--- Activity ---
Check every line of the data and copy the ones where "Weight" appears.

--- Input for this task ---

▼

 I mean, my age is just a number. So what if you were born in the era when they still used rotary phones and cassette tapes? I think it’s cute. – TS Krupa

▲
▼

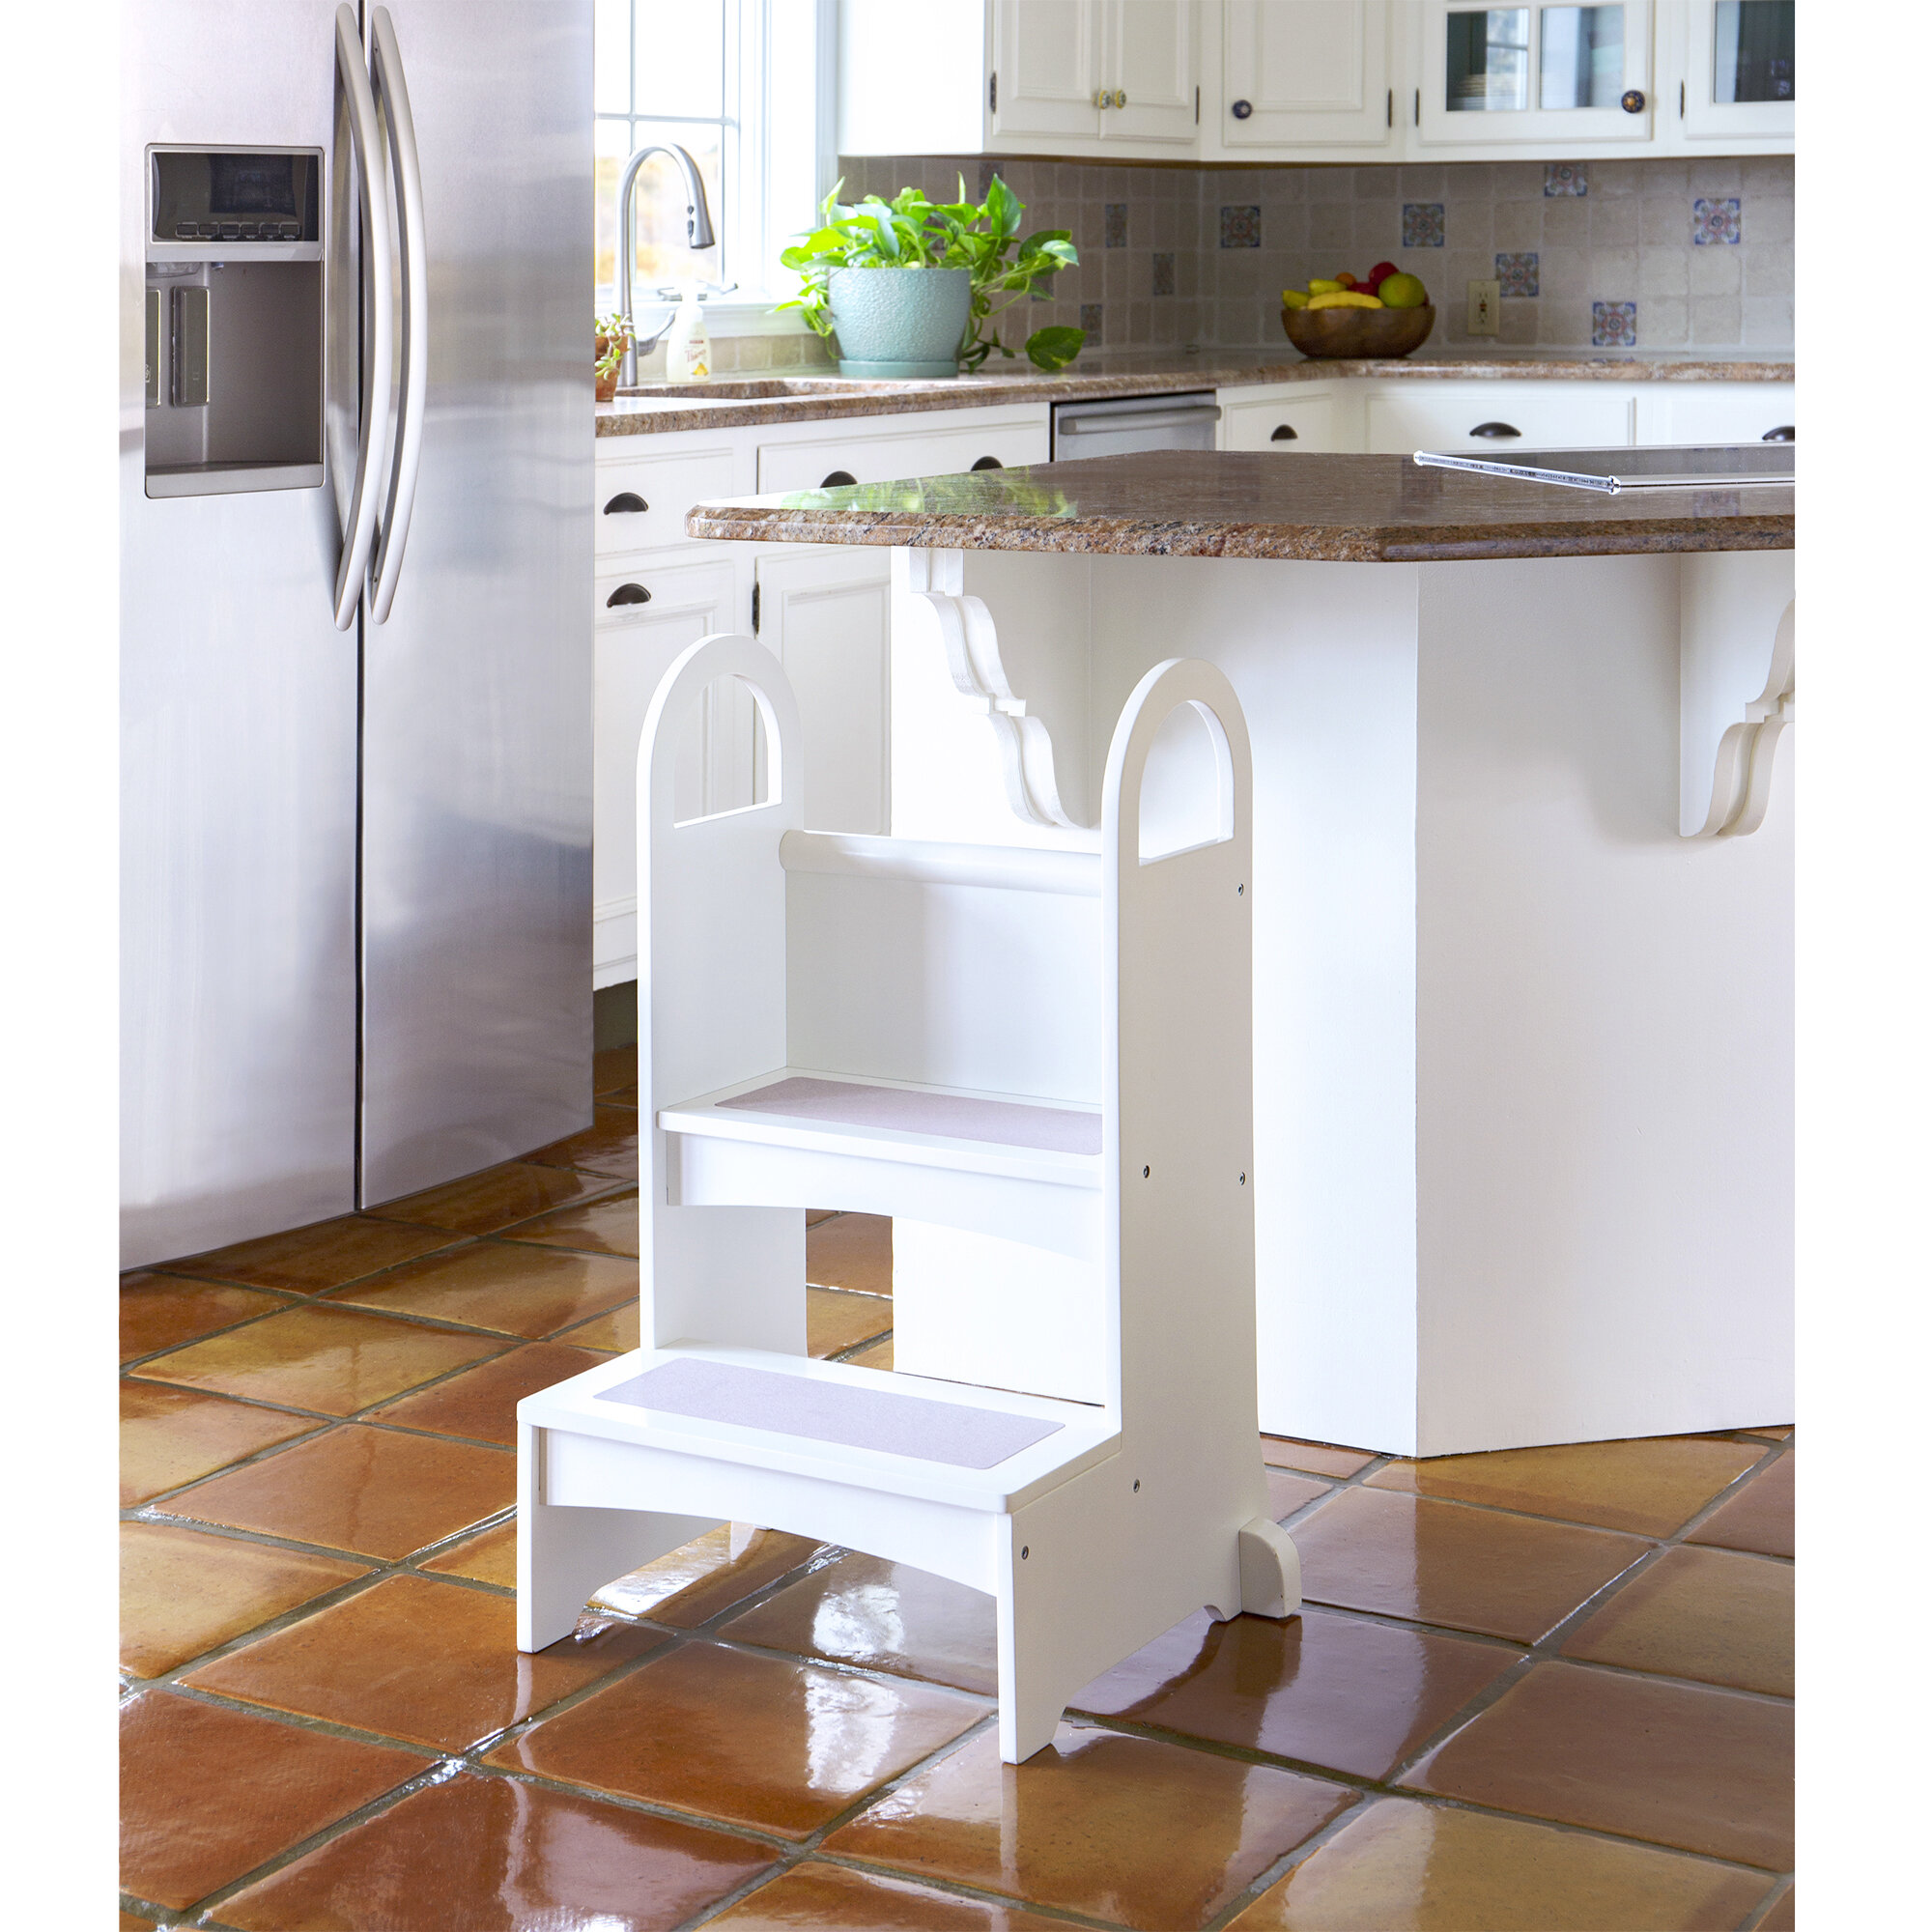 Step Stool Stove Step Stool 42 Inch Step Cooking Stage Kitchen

▲
▼

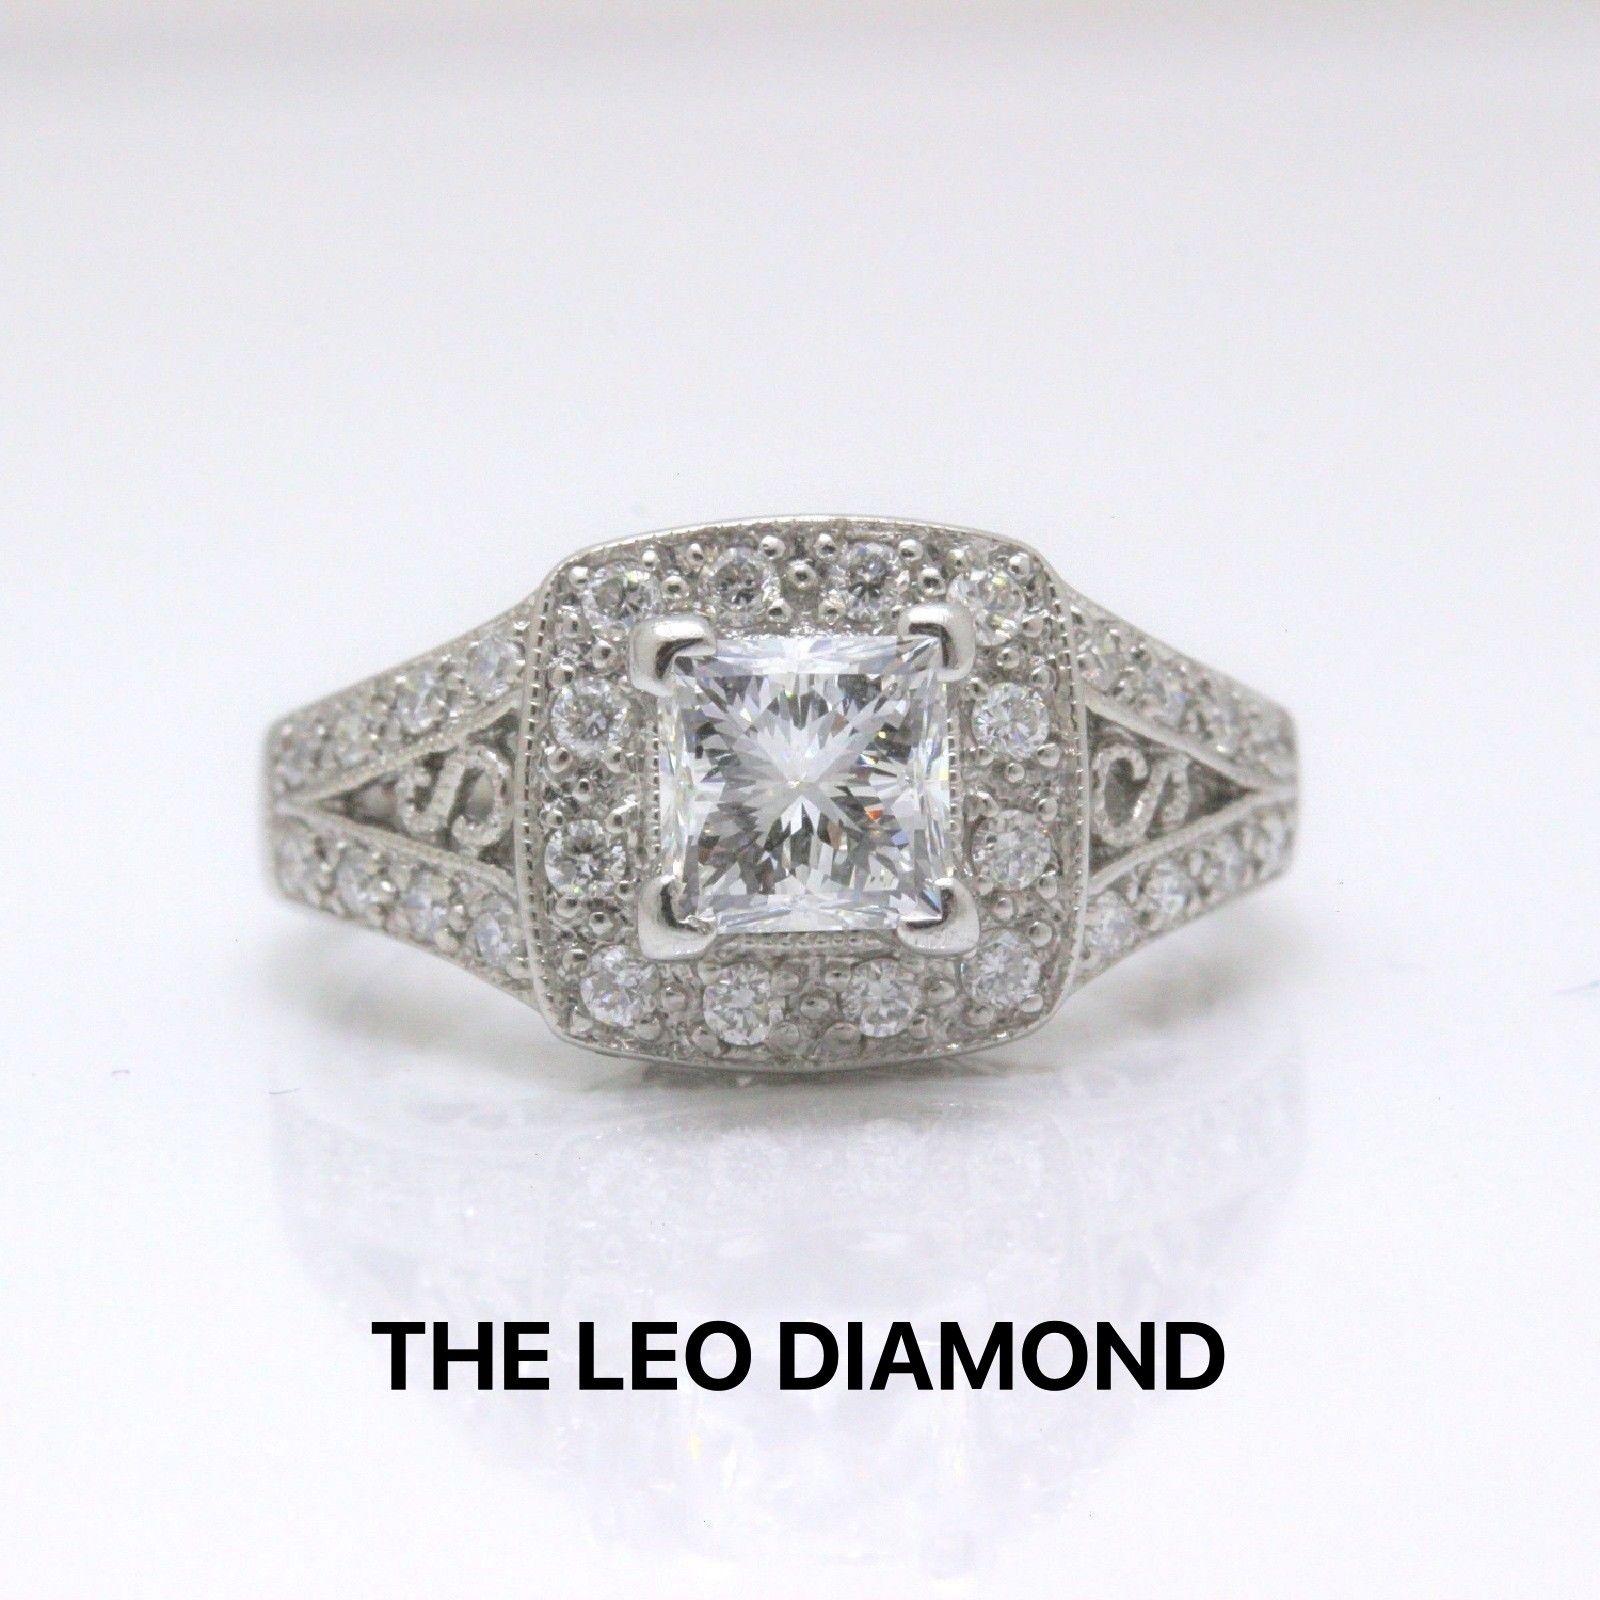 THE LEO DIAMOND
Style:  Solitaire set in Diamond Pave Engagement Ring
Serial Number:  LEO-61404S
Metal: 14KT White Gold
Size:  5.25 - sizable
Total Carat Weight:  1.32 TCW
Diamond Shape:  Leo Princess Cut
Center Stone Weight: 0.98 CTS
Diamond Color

▲

--- Response area ---
Total Carat Weight:  1.32 TCW
Center Stone Weight: 0.98 CTS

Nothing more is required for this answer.